New Survey Says that Young People Don’t Like Job Hopping + How to Get Paid What You’re Worth



Contrary to popular belief young people are not keen on job-hopping as most people think. According to a new survey, U.S. millennials and Gen Zers want to stay at their current companies for an average of 10 years and six years, respectively. Additionally, they say work is a major part of their lives, with 65% of people in Gen Z and 73% of millennials saying it’s part of their identities, according to a Zapier-sponsored poll. The age groups’ actions reflect the findings: Seven in 10 say they constantly check work messages outside the office. This is great for corporations but what does that mean for business owners?

If you are a freelancer or entrepreneur you know all too well the fight to get what you are worth. You will constantly be bombarded with offers to work for less or even for “exposure” as many like to call it now. But how do you gain the confidence and know how to charge and get what you’re worth? Here are 3 tips:

Build Your Resume. It’s said that if you do what you love you’ll never work a day in your life. Pursuing your passions and getting paid for it is the ultimate professional dream. You may have to start by working for free or at a discount rate to builds skill, ability, and your resume but once you have some stats under your belt its time to get that money… Keep in mind that if you are only in it for the money it will be difficult to experience long term financial gains so make sure you are pursuing your passion not only the paycheck.
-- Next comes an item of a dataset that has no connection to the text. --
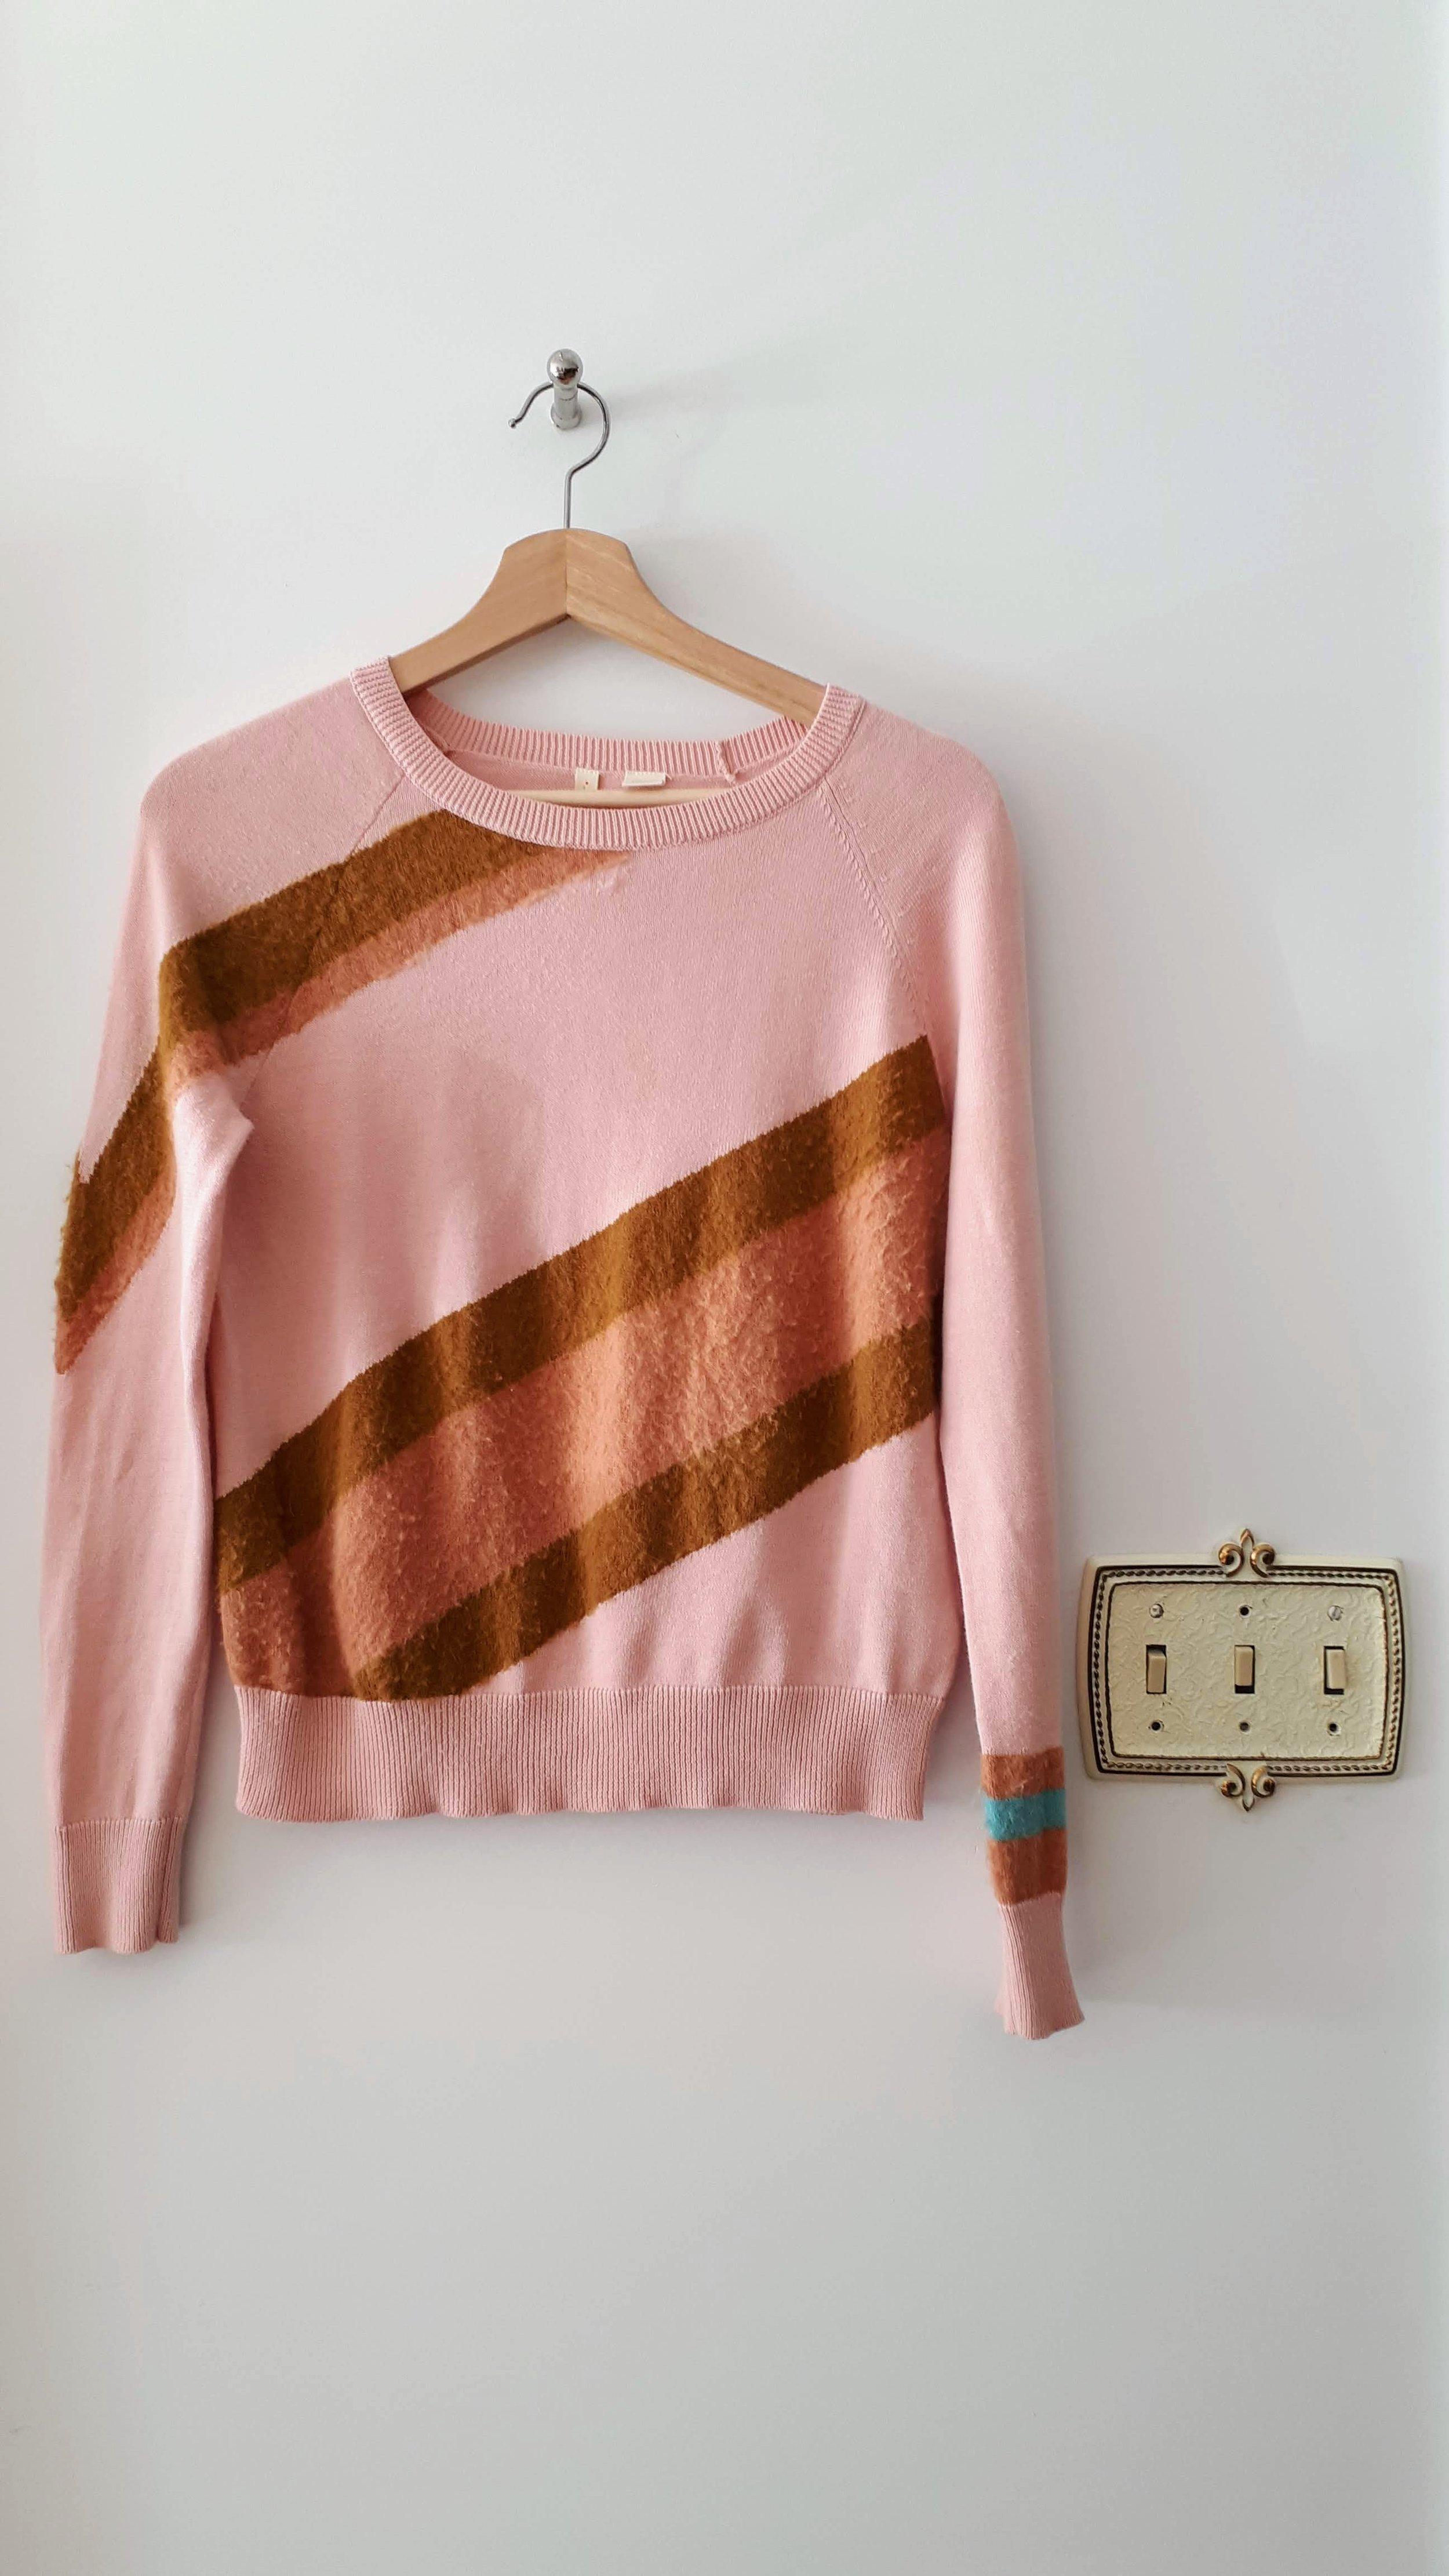 Moth top; Size XS, $22

Set a Standard. Pioneers have the ability to set standards. And even if you are providing services already in the market, no one can deliver them quite like you. Style and quality set you aside from others opening up a field of buyers seeking exactly what you offer.

Don’t Give In. A colorist (a person who literally adds color by hand or digitally in films and visual media; yes, there is a path for everyone) from Brooklyn, NYC once told me he had to be firm with pricing because he didn’t want to become that guy who works for free. After you have put in the work and set a standard you must not give in to fees below your ability. Yes, flexibility is key but don’t short change yourself. Getting paid your worth is ultimately the result of you believing in your ability and knowing there are people who will pay for it.